# COMP41680 Assignment 2 - Task 1 (Data Collection)
## Student Name: Sanika Kulkarni     Student ID: 21200060

The objective of this assignment is to scrape a collection of product reviews from a set of web pages, preprocess the data, and evaluate the performance of different classifiers in the context of two related text classification tasks: 
- Predicting review sentiment
- Predicting review helpfulness

### Task 1 Objectives:

**1. Scrape the complete set of web pages from the personal website address:**
http://mlg.ucd.ie/modules/python/assign2/21200060/ 

**2. From the web pages above, parse every review across all years 2016-2021. For each product review, extract the following information:**
- The star rating of the review
- The title text of the review
- The main body text of the review 
- Review helpfulness information

**3. Store the parsed review data in an appropriate format**




## Importing libraries

In [1]:
import requests
import pandas as pd
from bs4 import BeautifulSoup
import time

## Defining the required columns of dataframe

In [2]:
#List to store star ratings of the reviews
star_ratings = []

#list to store title text of the reviews
titles = [] 

#list to store Main body of the review
review_content = []  

#list to store helpfulness of the review
usefulness_rating = []

## Defining functions to scrape the review data
- The `extract_url_years_months()` function is used to generate a list of all urls via the main page and extract the year and month attribute.

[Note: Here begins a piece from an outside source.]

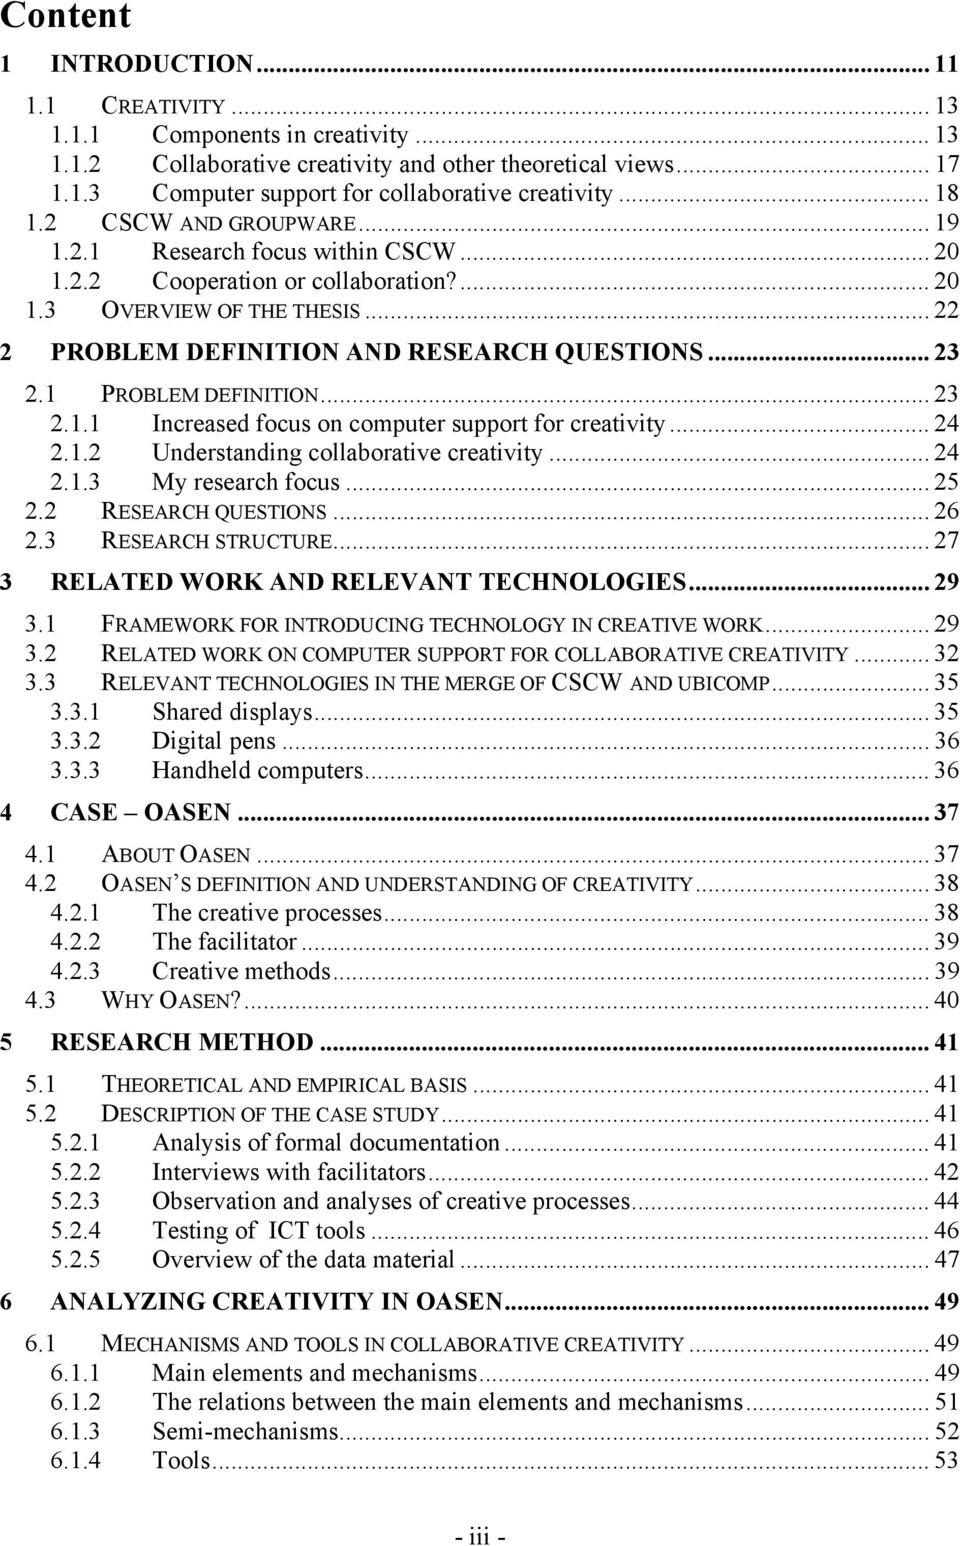 1 PROBLEM DEFINITION... 23 2.1.1 Increased focus on computer support for creativity... 24 2.1.2 Understanding collaborative creativity... 24 2.1.3 My research focus... 25 2.2 RESEARCH QUESTIONS... 26 2.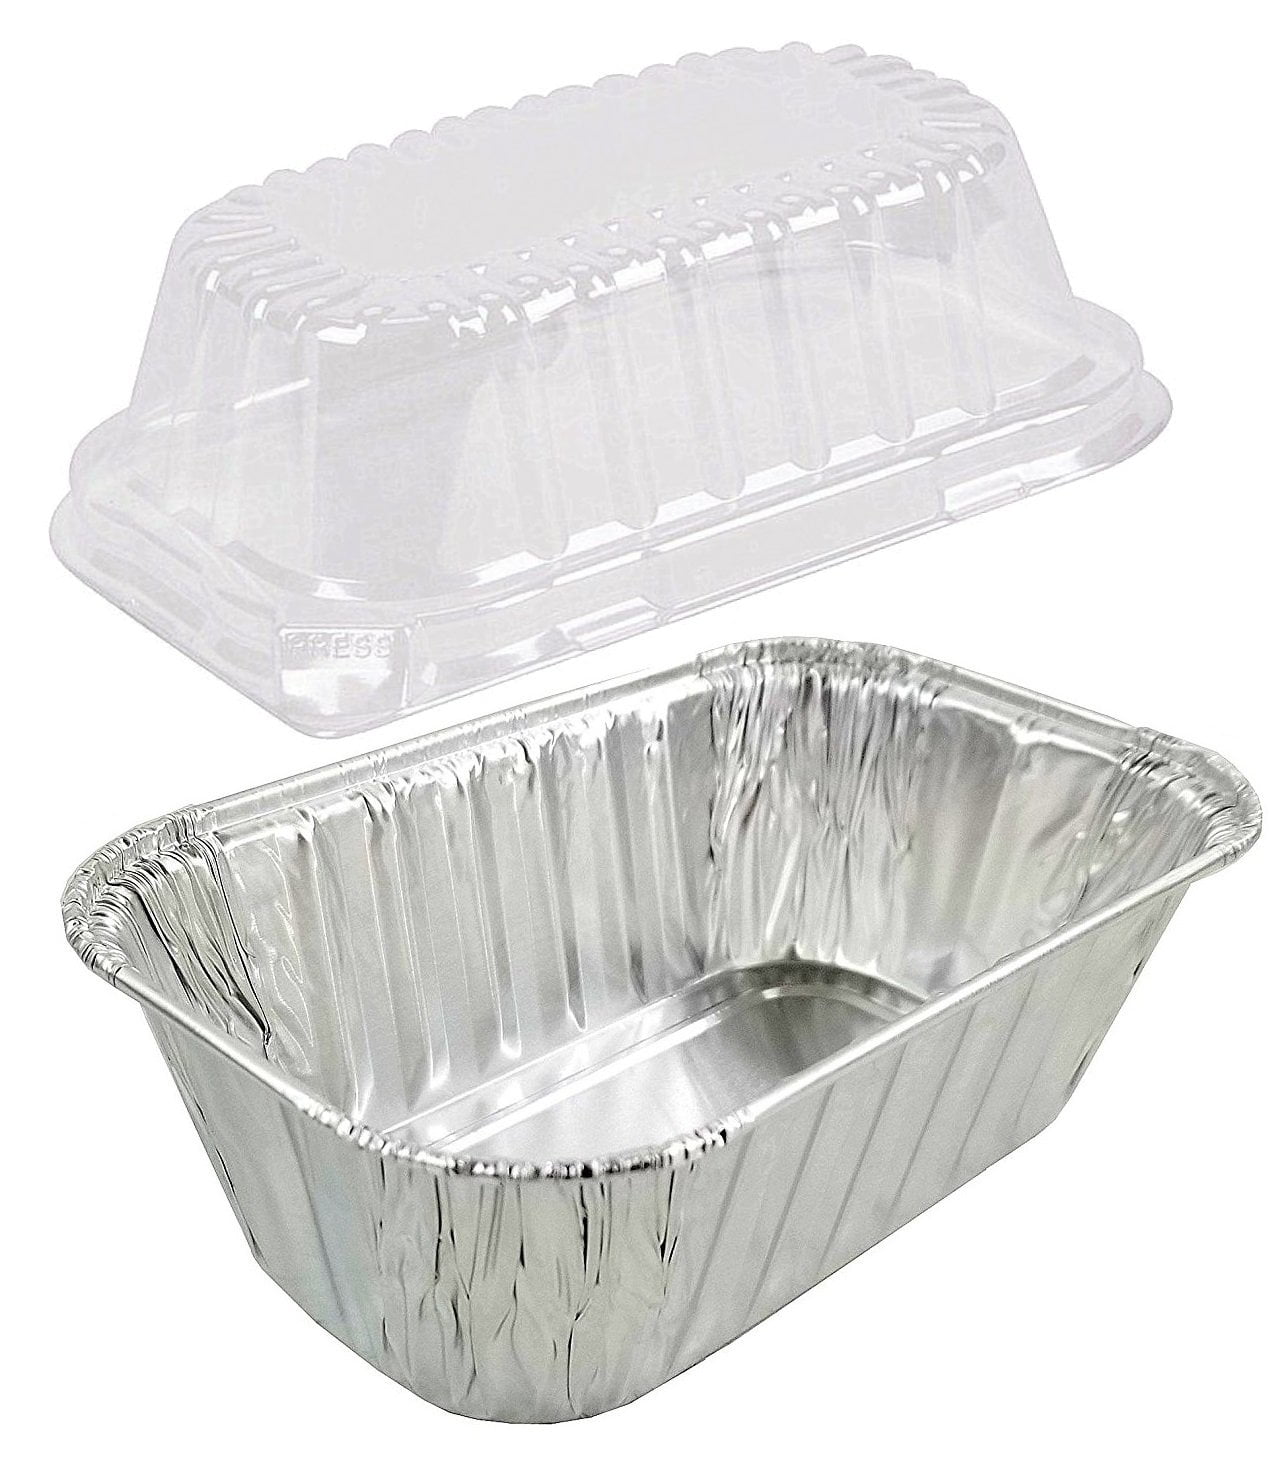 Aluminum Loaf Pans (Small, Medium and Large)

This is helpful to run the `fetch()` function. 
- The `extract()` function is used to extract the required data from the entire HTML script.
- The `fetch()` function loops through the all the review pages per year, per month and extracts information about the review using `extract()` function

In [4]:
years = []
months = []

def extract_url_years_months():
    
    base_url = 'http://mlg.ucd.ie/modules/python/assign2/21200060/'
    result = requests.get(base_url)
    soup = BeautifulSoup(result.text, 'html.parser') 
    links = soup.find_all("a") 
    all_urls = []
    for link in links[1:]: #since first link is index.html
        link_address = base_url + link.get("href")
        all_urls.append(link_address)

    for url in all_urls:
        year = url.split("-")[1]
        month = url.split("-")[2]
        if year not in years:
            years.append(year)
        if month not in months:
            months.append(month)

In [6]:
extract_url_years_months()

In [9]:
def extract(soup):
    
  #Extracting all div blocks of reviews
  divs = soup.find('div')
  review_items = divs.find_all(class_="review")

  for review in review_items:
    #Extracting ratings
    star_ratings.append(review.span.img.get('alt'))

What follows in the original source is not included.